Потом сидели на мягком травяном ковре, на размётанном подоле платья Леи лежала охапка полевых цветов, и её тонкие, быстрые пальцы, выбрав маргаритку или горицвет, вплетали гибкий стебель в тугой венок.
– Ивер такой напыщенный, такой гордец, всегда говорил, что учитель фехтования у него один из лучших во всей Франции, а вы с такой лёгкостью загнали его в угол и выбили шпагу из рук! – Лея со смехом вспомнила о вчерашнем поединке, в котором её старший брат Ивер хотел явить своё искусство фехтования. Смешно скорчив рожицу, она так уморительно показала, каким растерянным и удивлённым был брат, что Кристер не мог не рассмеяться в ответ, хотя тут же возразил:
– Нет, нет, Ивер хорошо фехтует, но просто он горяч, им легко управлять, а в любом поединке нужно хладнокровие.
– Да, наш папа то же самое Иверу всегда говорит. Про хладнокровие.
– Ваш отец добрый. И умный, – Кристер мало знал отца Ивера и Леи, но ему хотелось говорить ей только хорошее.

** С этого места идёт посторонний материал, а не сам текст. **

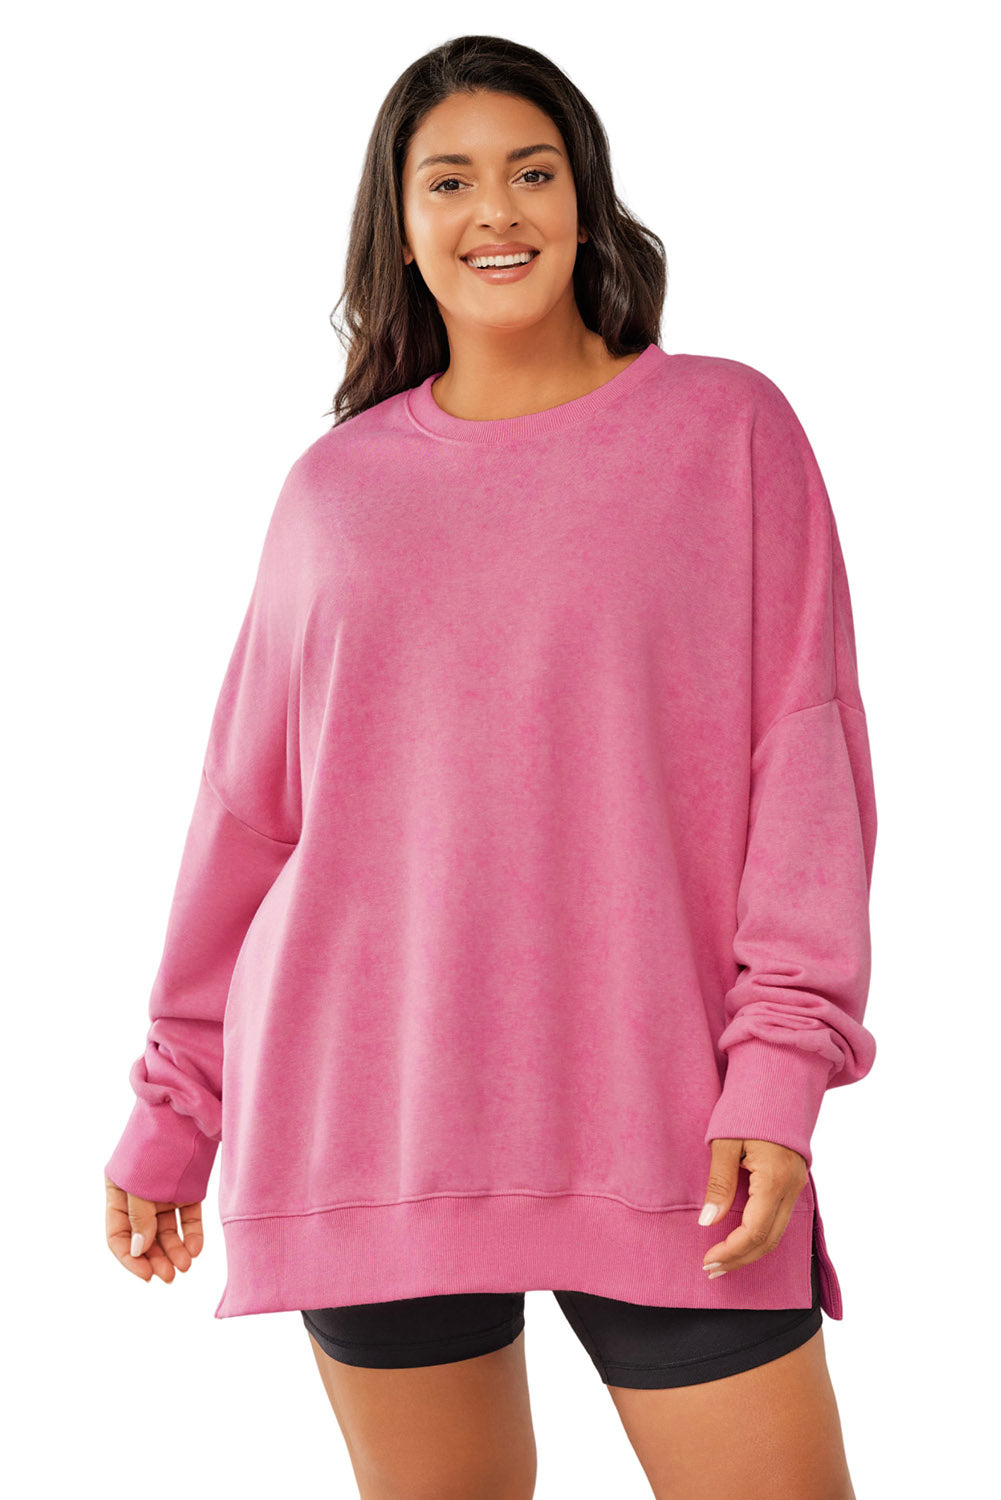 Cali Chic Pink Drop Shoulder Ribbed Trim Plus Size Sweatshirt

– Мне очень грустно, принц, что вы уезжаете, – сказала вдруг Лея вовсе не в тон их разговора, и тень печали набежала на её живое, изменчивое лицо.
Кристер и сам чувствовал, что его скорый отъезд в Виттенберг, который он так ждал и о котором мечтал, его вовсе не радует: учёба в университете обещала не только свободу, но и разлуку с той, одно имя которой отзывалось в нём музыкой.

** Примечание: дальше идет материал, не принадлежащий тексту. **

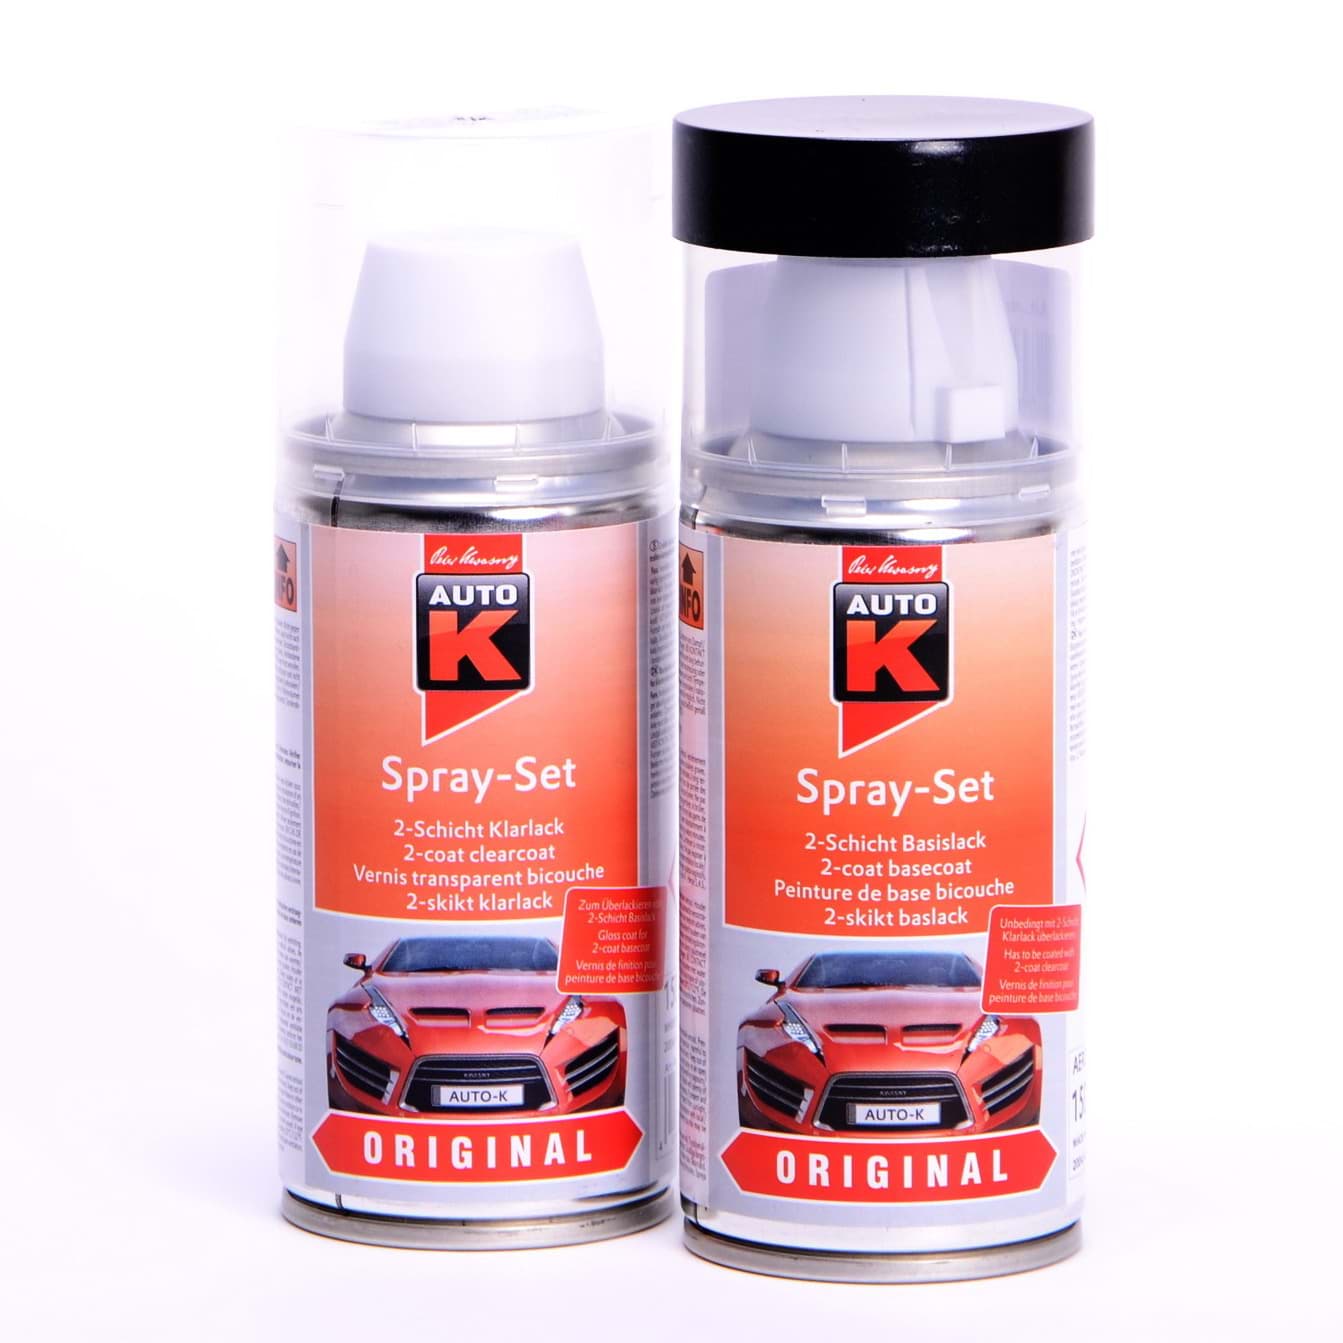 Auto-K Spray-Set Autolack für Fiat 426 Midnight blau met 24666 resmi

– Мне тоже грустно, Лея. Четыре года – это вечность.
И чтобы сбить какую-то непривычную для обоих «взрослую» грусть слов, а больше для того, чтобы под пеленой дурашливого тона скрыть самое важное для него, Кристер с наигранным пафосом выпалил:
– Лея, я не смогу без вас, я… я просто – утоплюсь! И в знак любви к вам я утоплюсь вот с этими цветами!
Кристер схватил охапку ещё не вплетённых цветов, словно случайно коснувшись её руки, – и вот уже с хохотом они мчались к замку, мелькали её босые ноги, прыгали чёртики радости в его глазах, а где-то так и остались лежать её легкие туфли и недоплетённый венок.
***
Странный звук заставил его вздрогнуть: летучая мышь с курносой, ушастой мордочкой и перепончатыми крылышками села на окно и, едва слышно процвиркав что-то, тут же исчезла, мгновенно выбросив Кристера из его воспоминаний в эту едва начавшуюся и такую бесконечную ночь.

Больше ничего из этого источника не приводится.